Instructions to follow:
Beneath this line sits some data. Return only its lines from the one holding "PUMA Puma Fit" through the one holding "Fender Custom Shop", inclusive, exactly, with the images removed.

Task inputs:
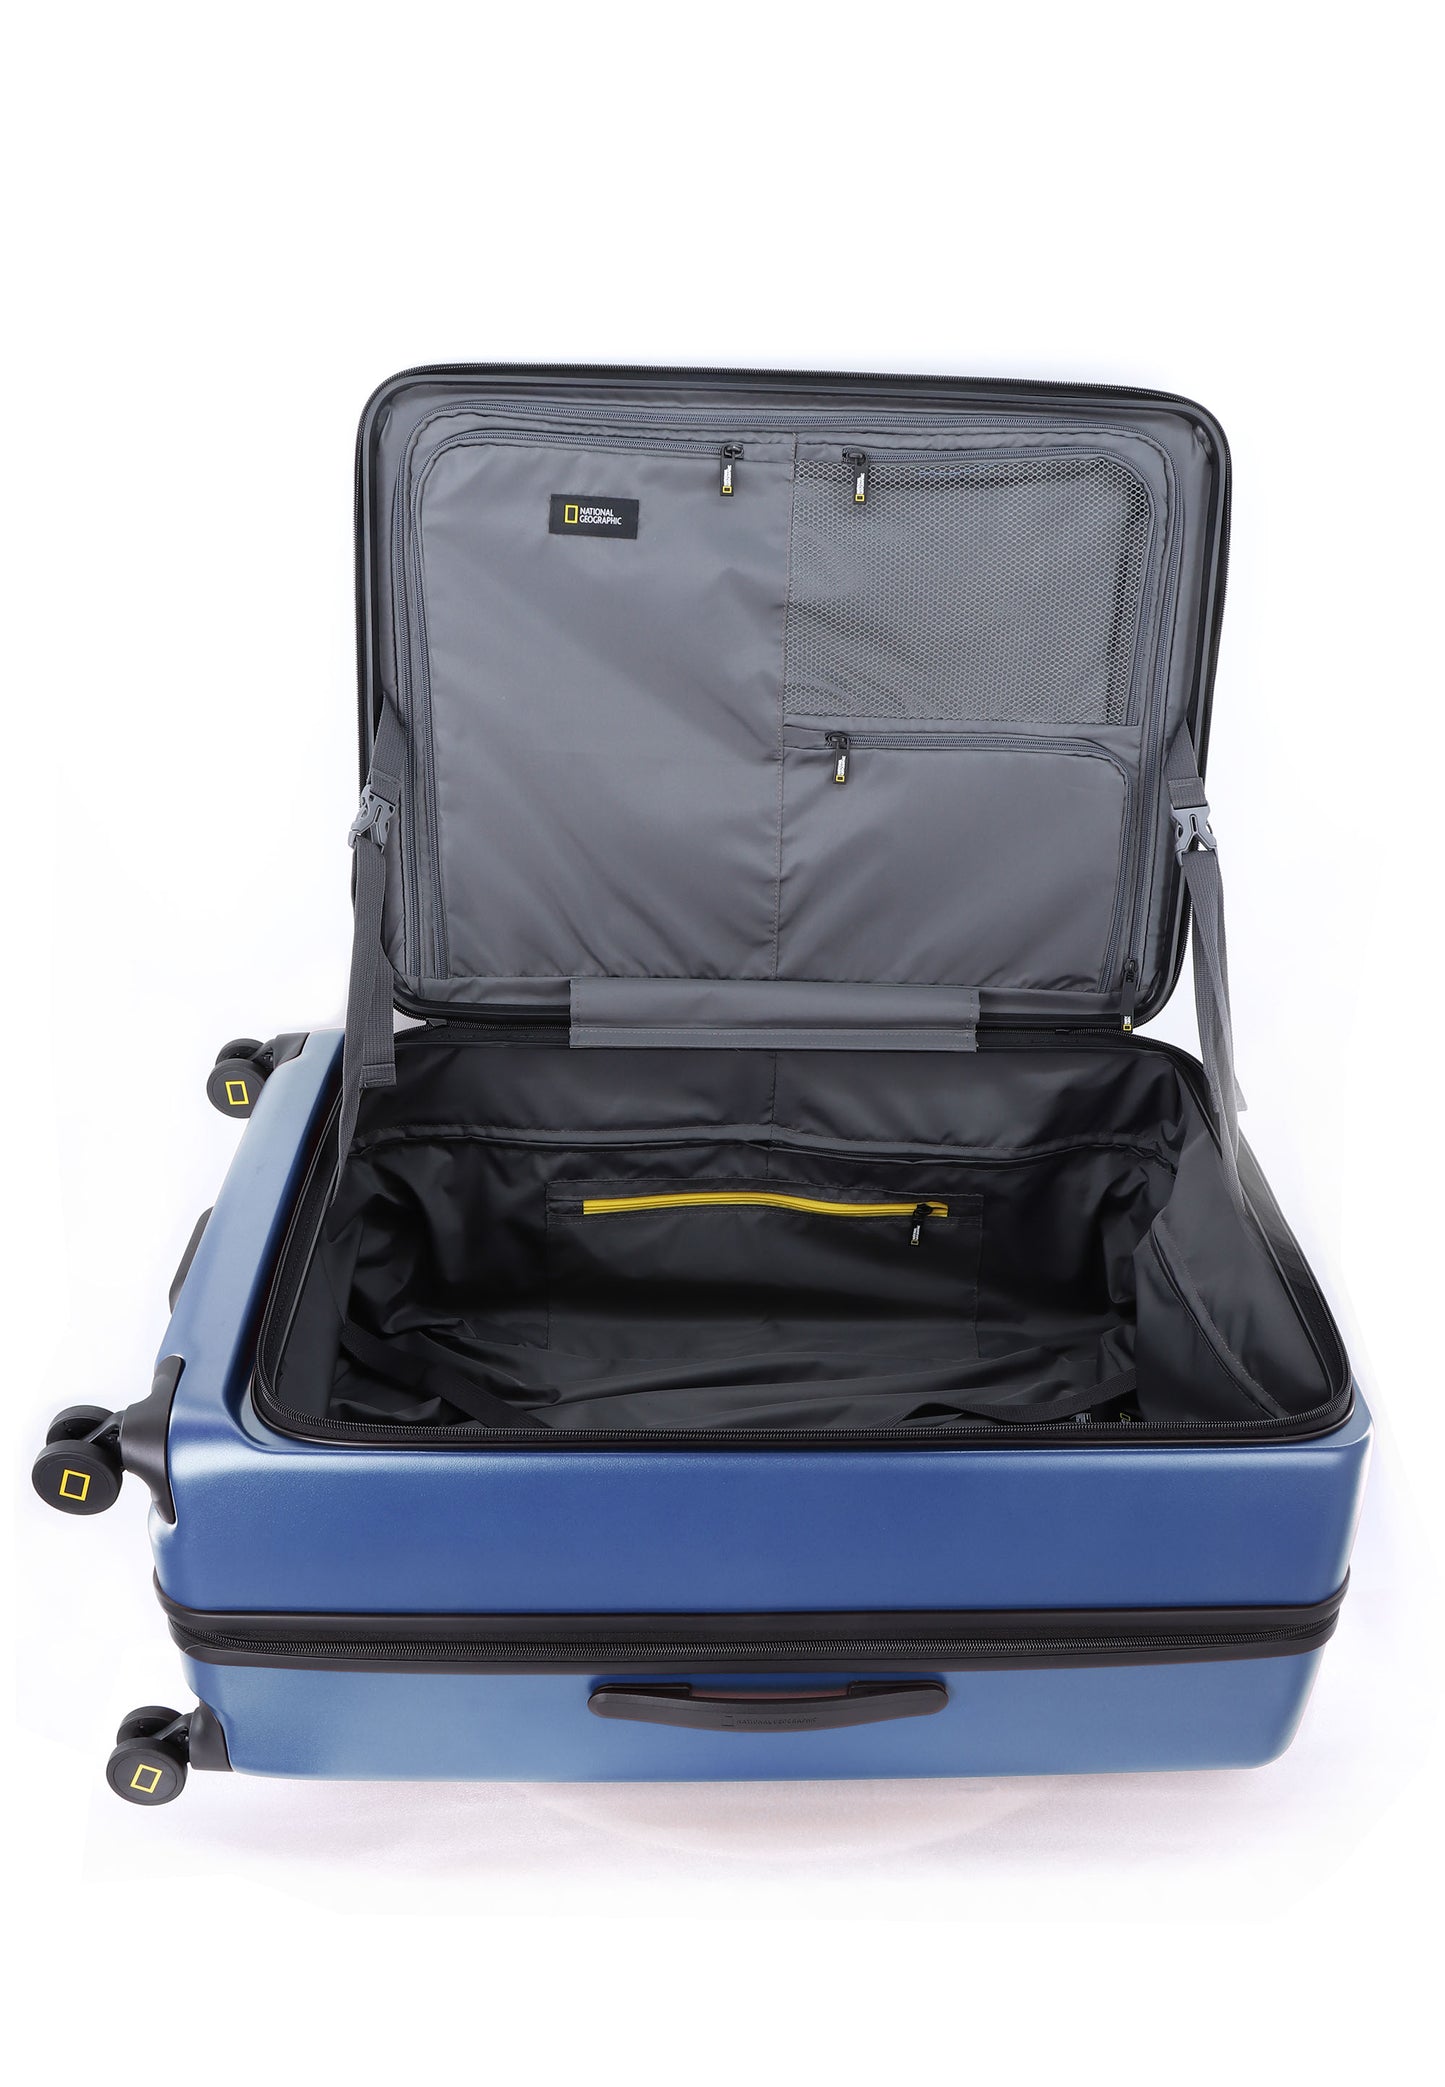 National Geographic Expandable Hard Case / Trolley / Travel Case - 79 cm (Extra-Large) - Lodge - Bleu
==
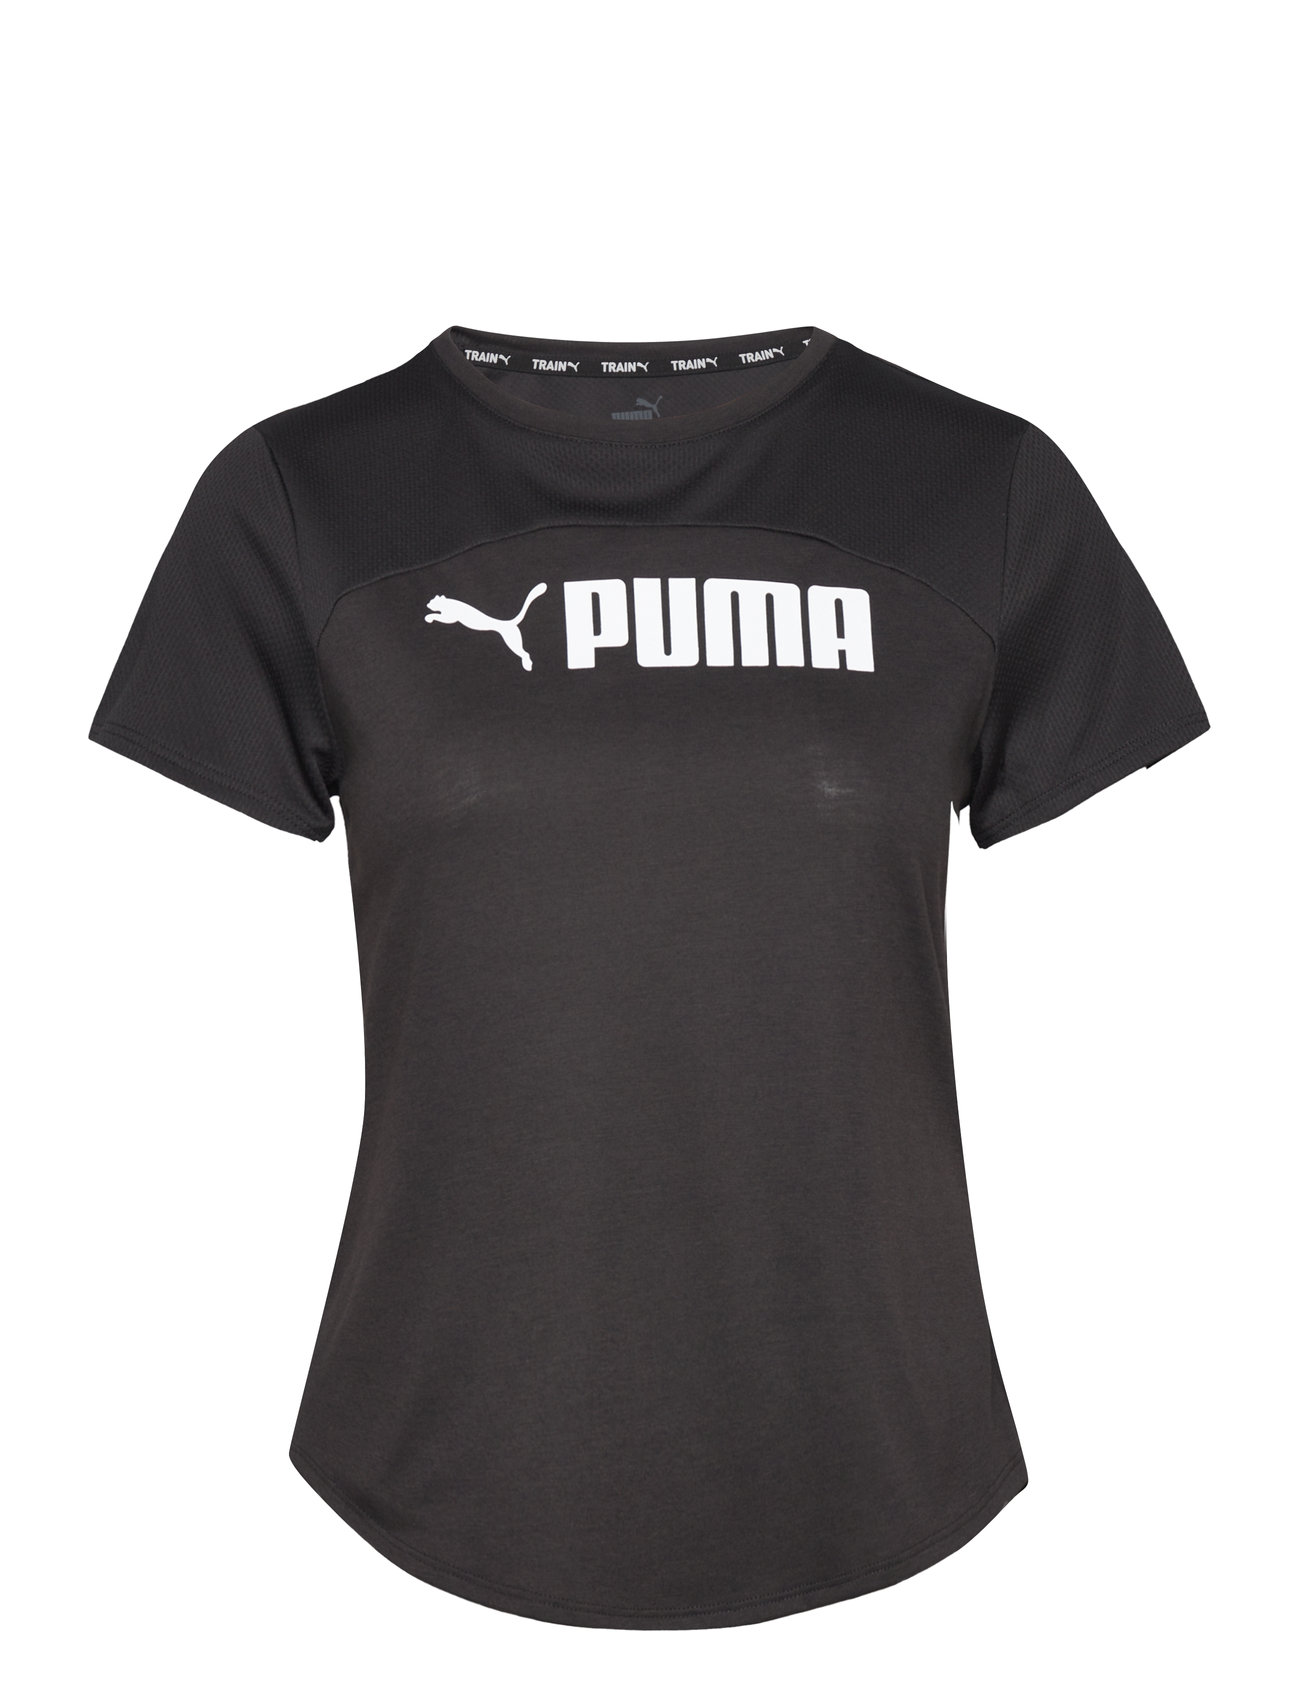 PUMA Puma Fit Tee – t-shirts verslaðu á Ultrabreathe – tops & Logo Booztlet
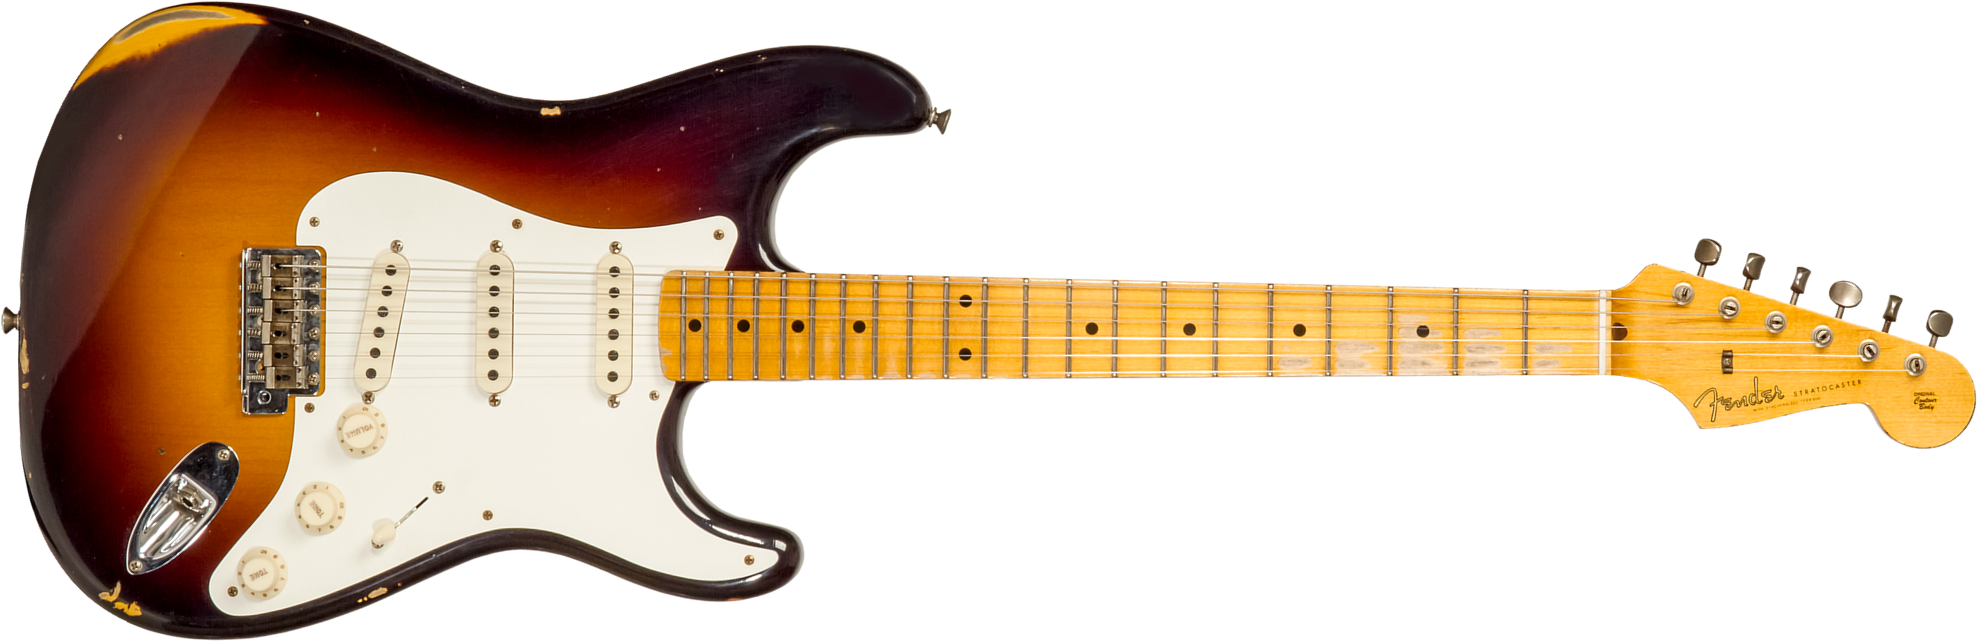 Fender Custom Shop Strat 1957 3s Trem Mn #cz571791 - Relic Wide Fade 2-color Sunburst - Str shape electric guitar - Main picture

Written answer:
 PUMA Puma Fit Tee – t-shirts verslaðu á Ultrabreathe – tops & Logo Booztlet
 Fender Custom Shop Strat 1957 3s Trem Mn #cz571791 - Relic Wide Fade 2-color Sunburst - Str shape electric guitar - Main picture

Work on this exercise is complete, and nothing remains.